> Task instructions:
The listing below must be returned in full and unchanged, without the images it carries.

> Data for processing:
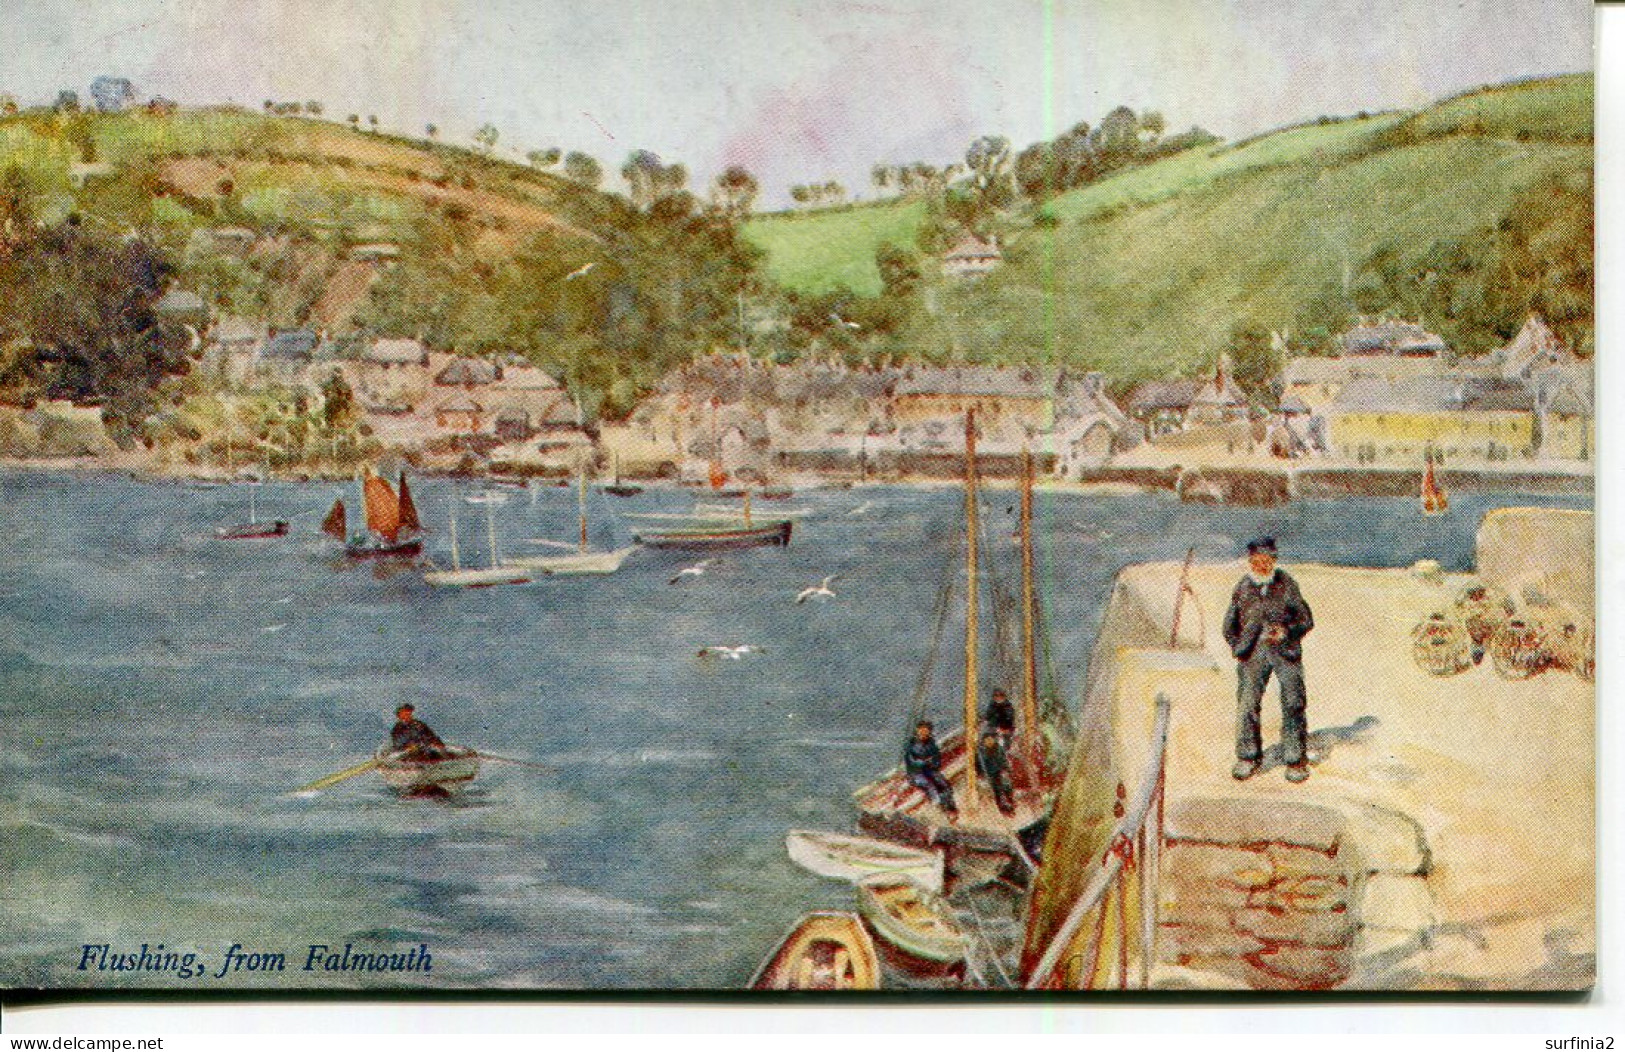 MISCELLANEOUS ART - FLUSHING FROM FALMOUTH By G F NICHOLLS Art560 - Falmouth
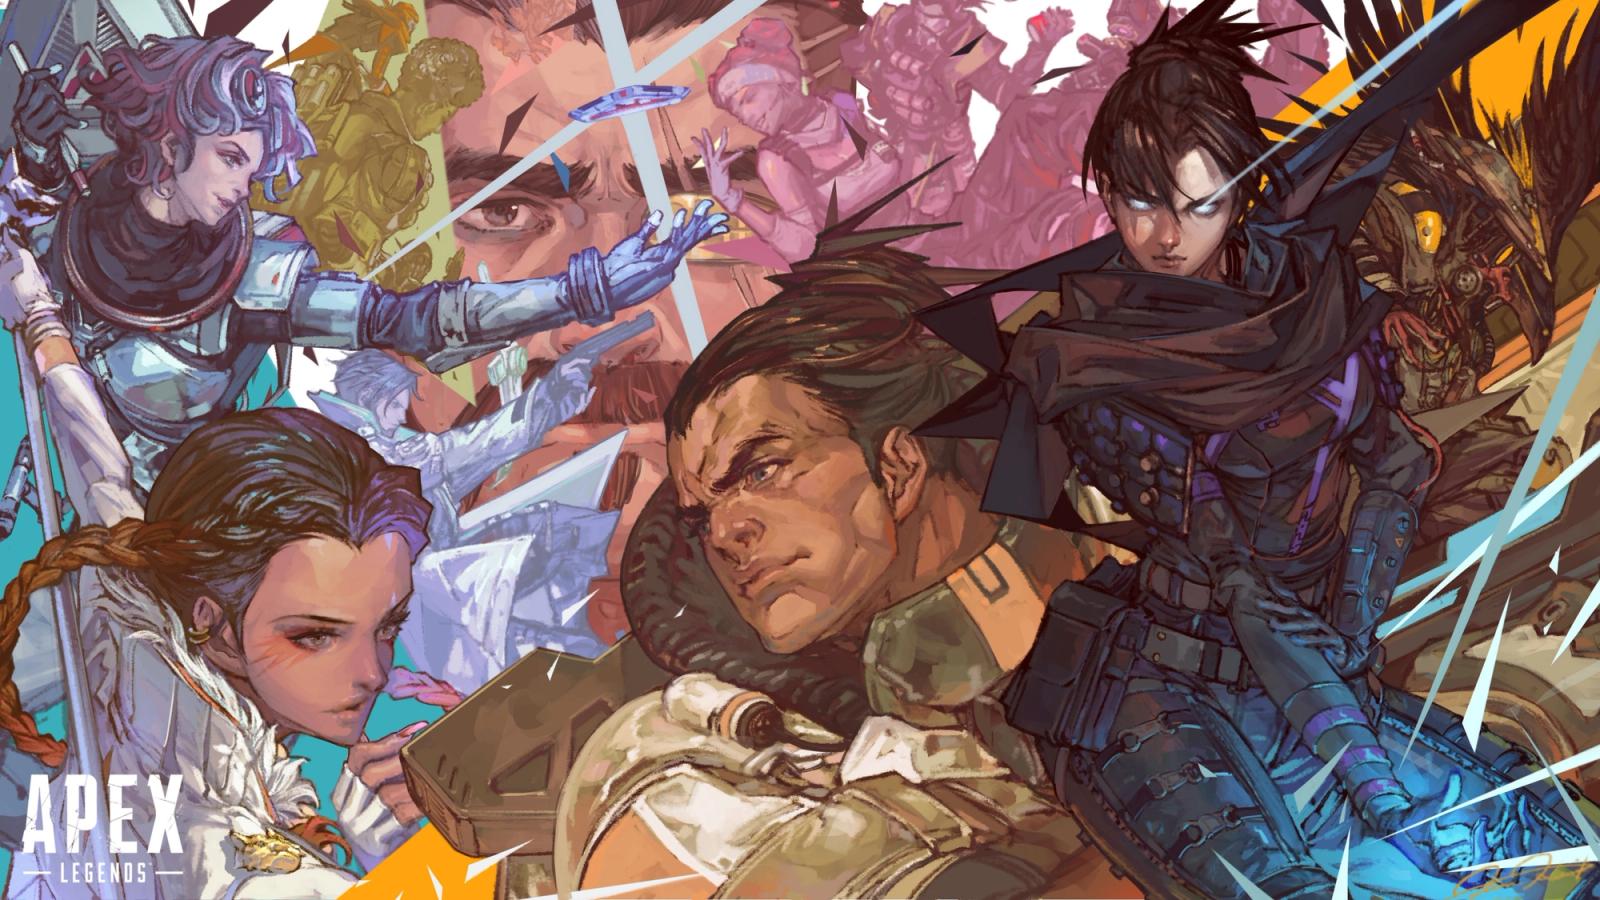 Apex Legends characters in an anime style
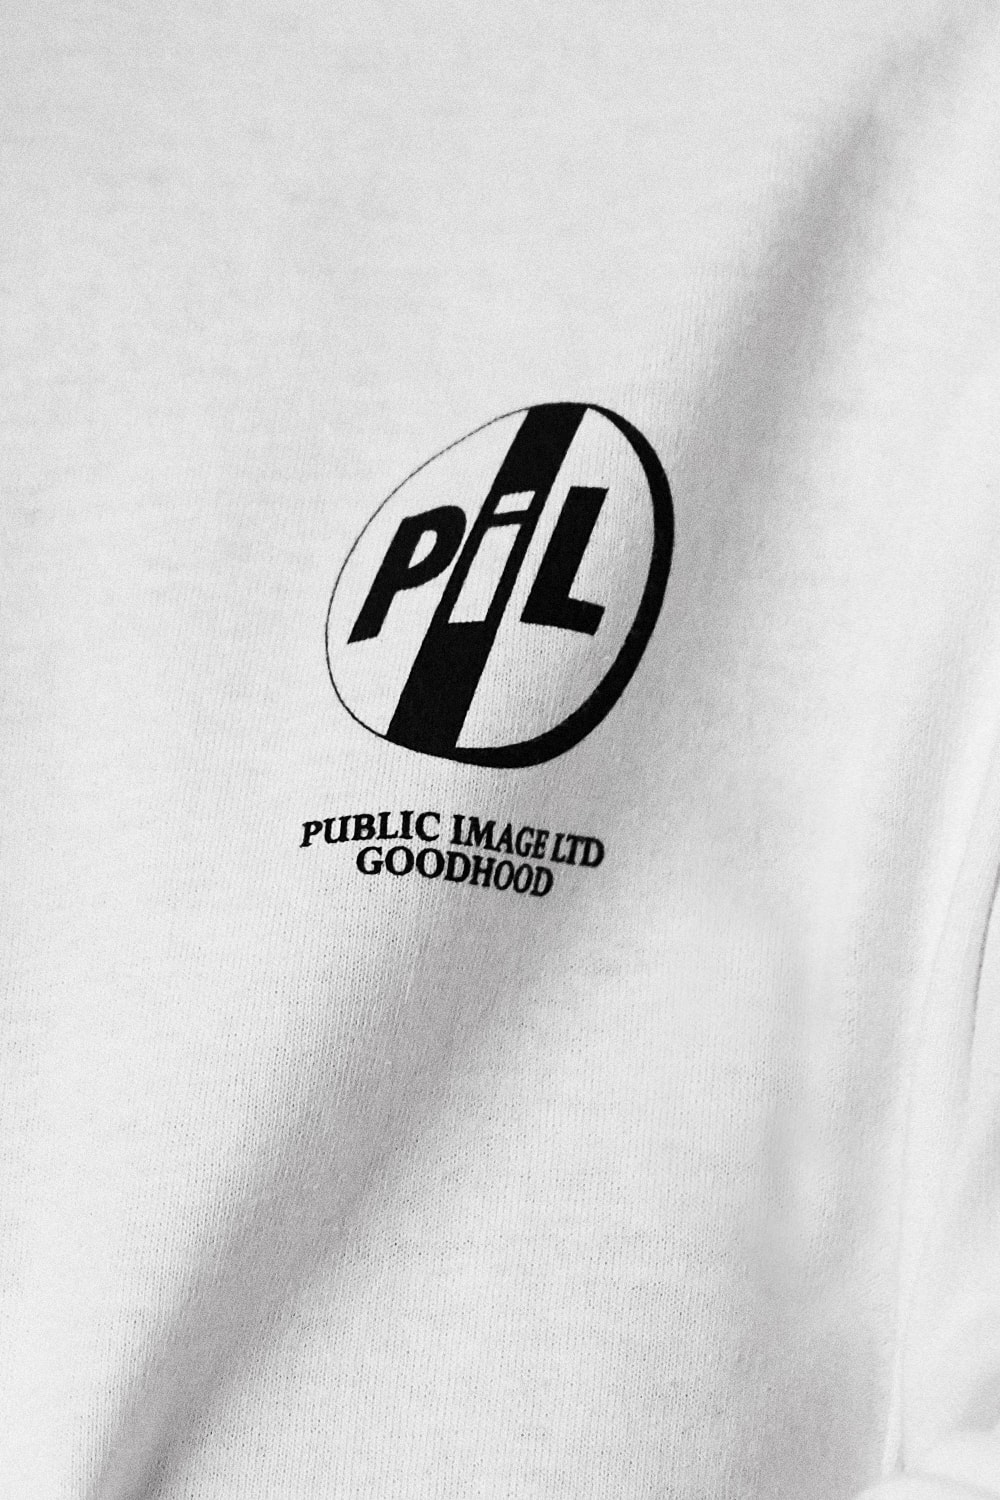 Goodhood x Bravado x Public Image Collaboration Products Release Details Coming Soon Merchandise Band Tour Documentary Public Image is Rotten
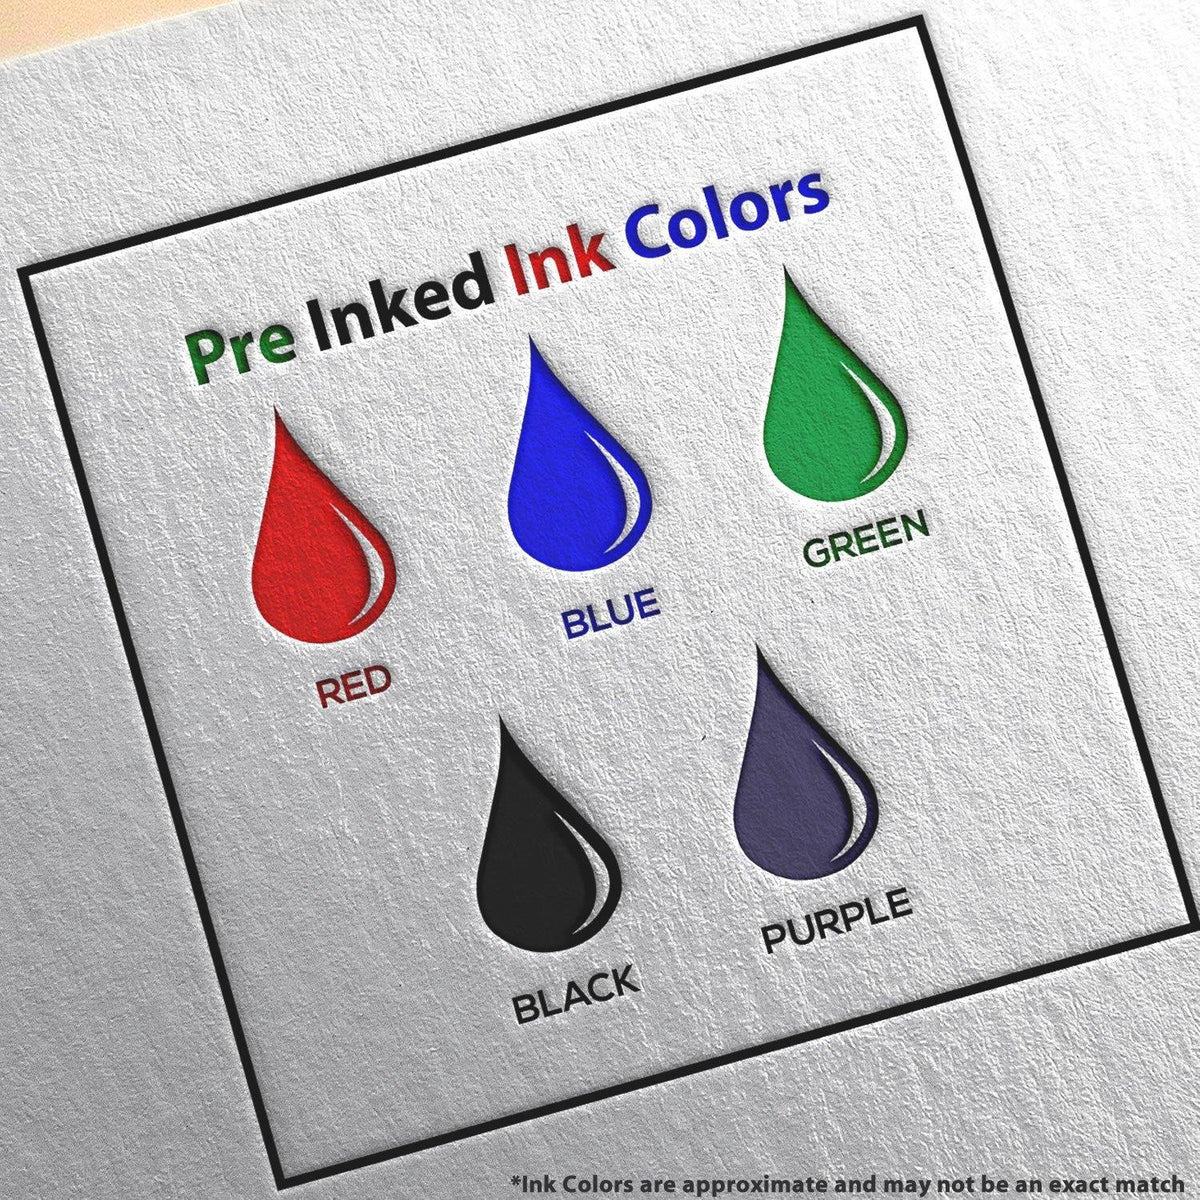 Large Pre-Inked Faxed on Stamp Ink Color Options
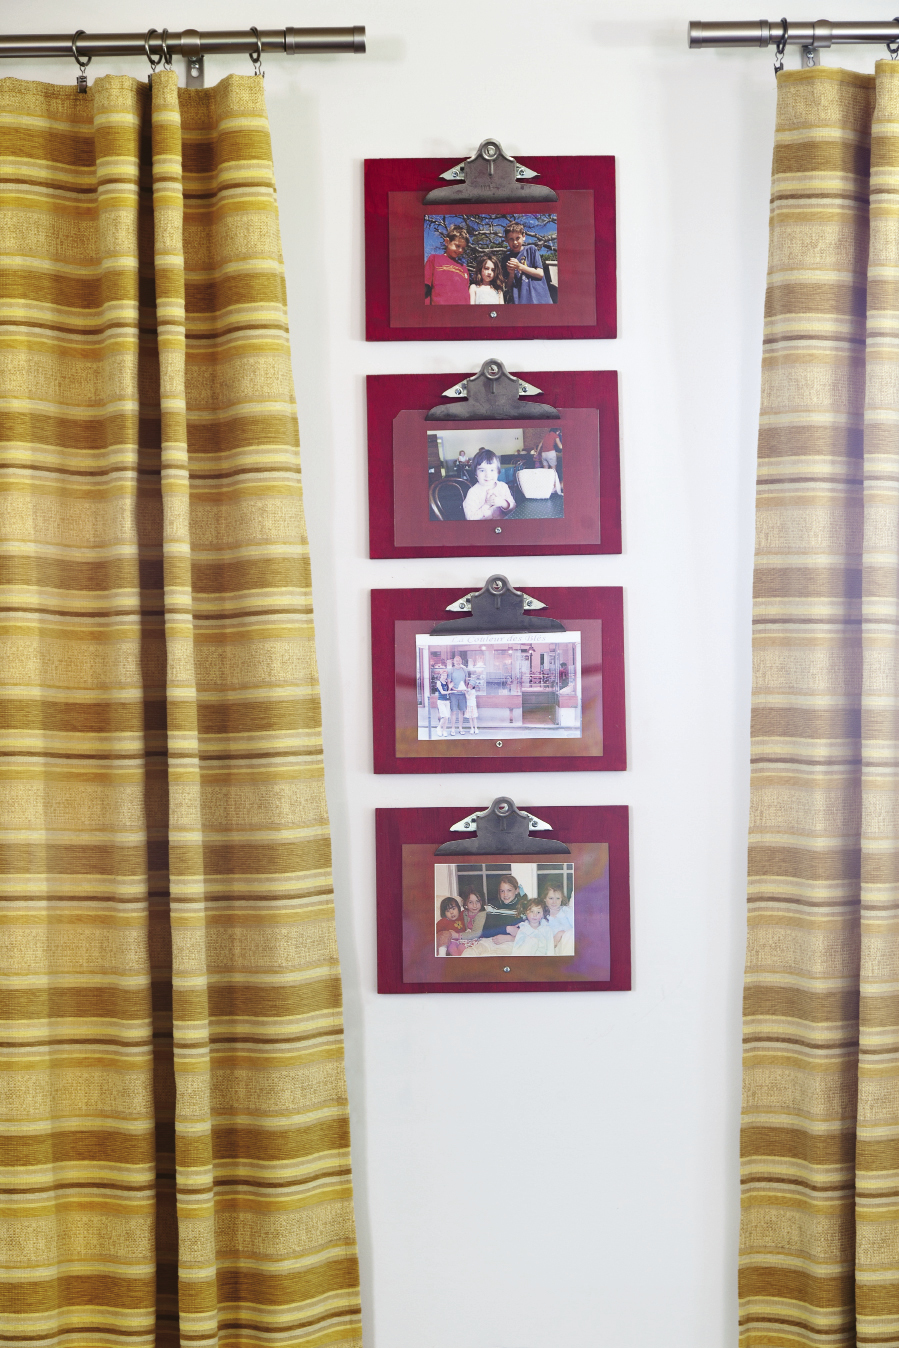 Mathis crafted these frames from plywood, plexiglass, and binder clips. Hung in a group, they elevate family photos into works of art.

> Answer to this task:
 MISCELLANEOUS ART - FLUSHING FROM FALMOUTH By G F NICHOLLS Art560 - Falmouth
 Apex Legends characters in an anime style
 Goodhood x Bravado x Public Image Collaboration Products Release Details Coming Soon Merchandise Band Tour Documentary Public Image is Rotten
 Large Pre-Inked Faxed on Stamp Ink Color Options
 Mathis crafted these frames from plywood, plexiglass, and binder clips. Hung in a group, they elevate family photos into works of art.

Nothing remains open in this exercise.